TEMPO.CO, Malang - Juru bicara Ansharul Khilafah, Muhammad Romly, merasa akan menjadi sasaran penangkapan berikutnya setelah Detasemen Khusus Antiteror 88 menangkap tiga pria terduga anggota kelompok radikal Negara Islam Irak dan Suriah (ISIS) di Kota Malang, Jawa Timur. “Kenapa penangkapannya begitu sporadis? Kemarin di Tangerang Selatan (Tuah Febriwansyah bin Arif Hasruddin alias Fachri), sekarang di Kasin, Karangbesuki, dan Bumiayu. Nanti lama-lama bisa ke Jetis,” kata Romly membuka percakapan dengan Tempo pada Kamis sore, 26 Maret 2015.

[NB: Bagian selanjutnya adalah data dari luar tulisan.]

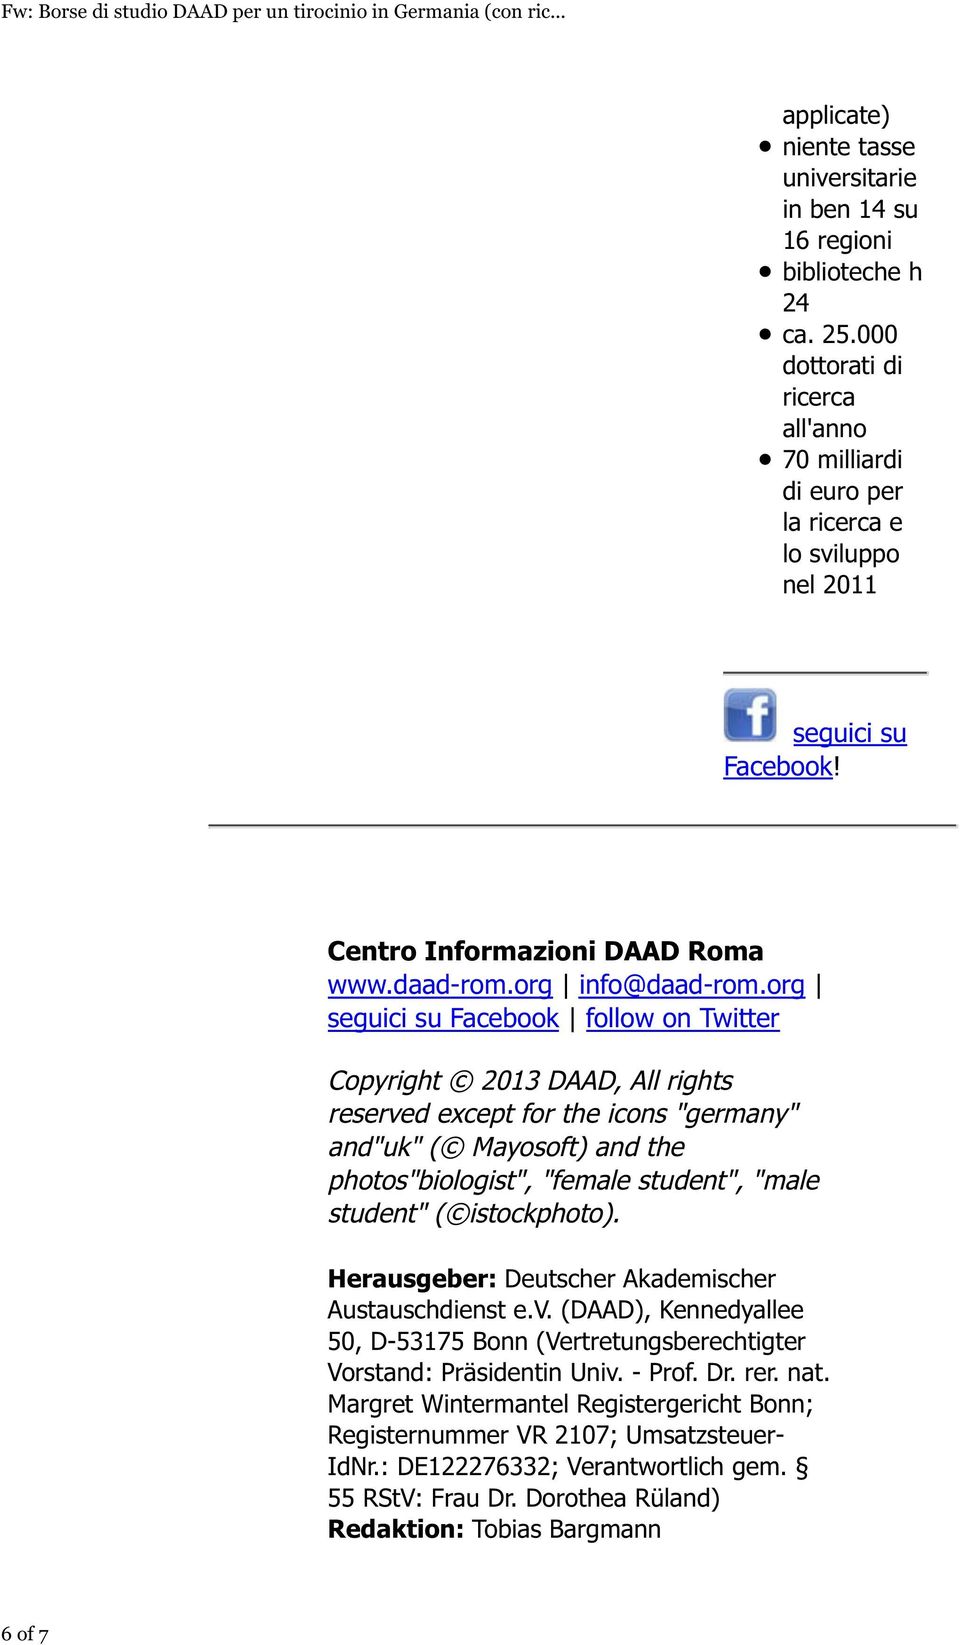 org seguici su Facebook follow on Twitter Copyright 2013 DAAD, All rights reserved except for the icons "germany" and"uk" ( Mayosoft) and the photos"biologist", "female student", "male student" (

Romly ditemui di rumahnya di Desa Jetis, Kecamatan Dau, Kabupaten Malang. Setelah ditanya kenapa ia ngomong begitu, buru-buru pria berusia 42 tahun ini menukas bahwa omongannya hanya celetukan dan guyonan, bukan sebuah ekspresi kecemasan. Namun Romly merasa terus dimata-matai aparat keamanan. Ia pun merasa nomor telepon pribadinya disadap.

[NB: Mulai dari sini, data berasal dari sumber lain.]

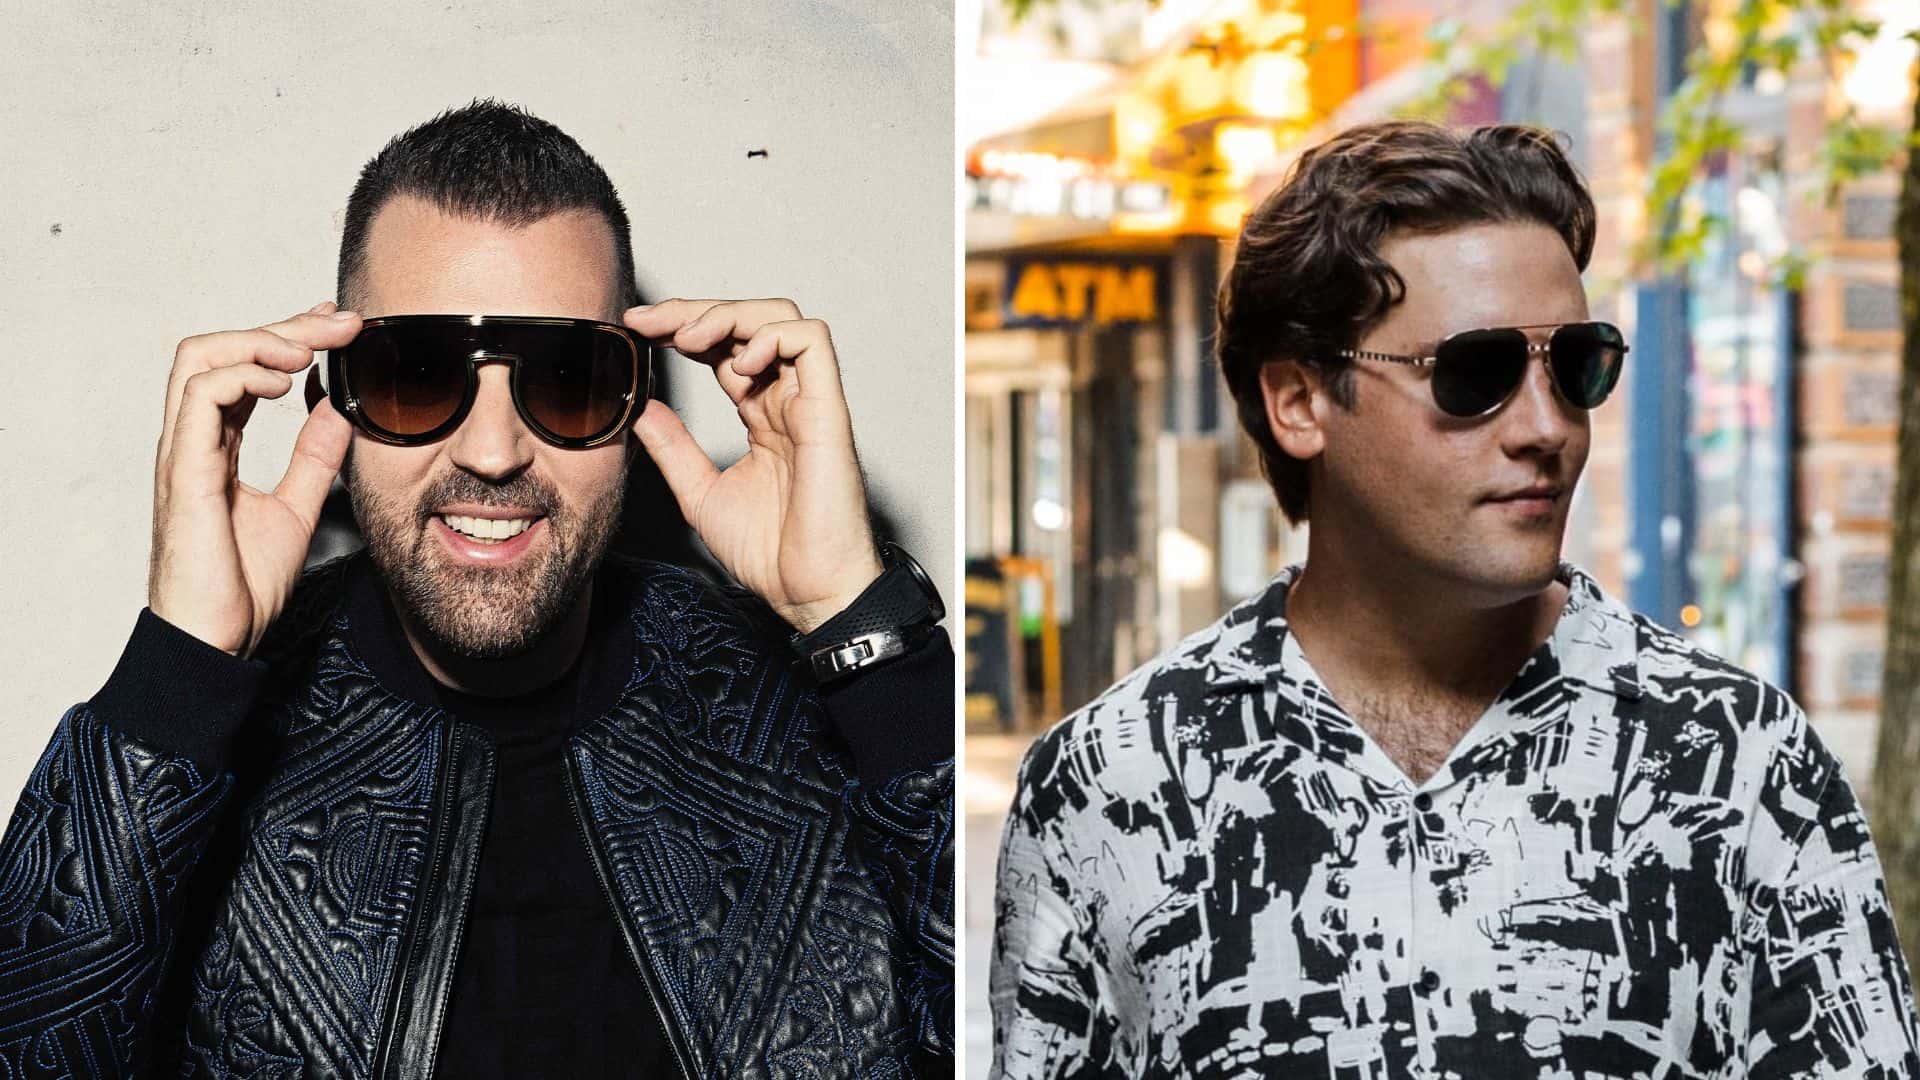 SHWAY & Brennan Heart joins forces for euphoric hardstyle remake of ‘Solo’: Listen

Pada Rabu, 25 Maret 2015, tim Densus 88 dibantu personel Kepolisian Daerah Jawa Timur mencokok Abdul Hakim Munabari, Helmi M. Alamuddin, dan Ahmad Junaidi. Mereka ditangkap di tempat terpisah. Hakim ditangkap di Jalan Arif Margono, Kelurahan Kasin, Kecamatan Klojen. Helmi dicokok di depan Taman Mega Mendung, Kelurahan Karangbesuki, Kecamatan Sukun. Sedangkan Ahmad dibekuk di Jalan Kiai Perseh, Kelurahan Bumiayu, Kecamatan Kedungkandang.
“Dulu sudah saya jelaskan kepada aparat kepolisian dan TNI serta pemerintah.” Selama ini, kata Romly, ia hanya dituduh saja. Namun ia tidak terbukti terlibat atau berhubungan dengan mereka. “Kalau kemudian polisi mau menangkap saya, ya wallahu a’lam.”
“Mereka” yang dimaksud pria kelahiran Madiun, 18 Juli 1972, itu adalah kelompok Salim Mubarok Attamimi alias Abu Jandal Al-Yemeni Al-Indunusi. Hakim, Helmi, dan Ahmad ditangkap Densus 88, Rabu kemarin, diduga karena berhubungan dengan Salim.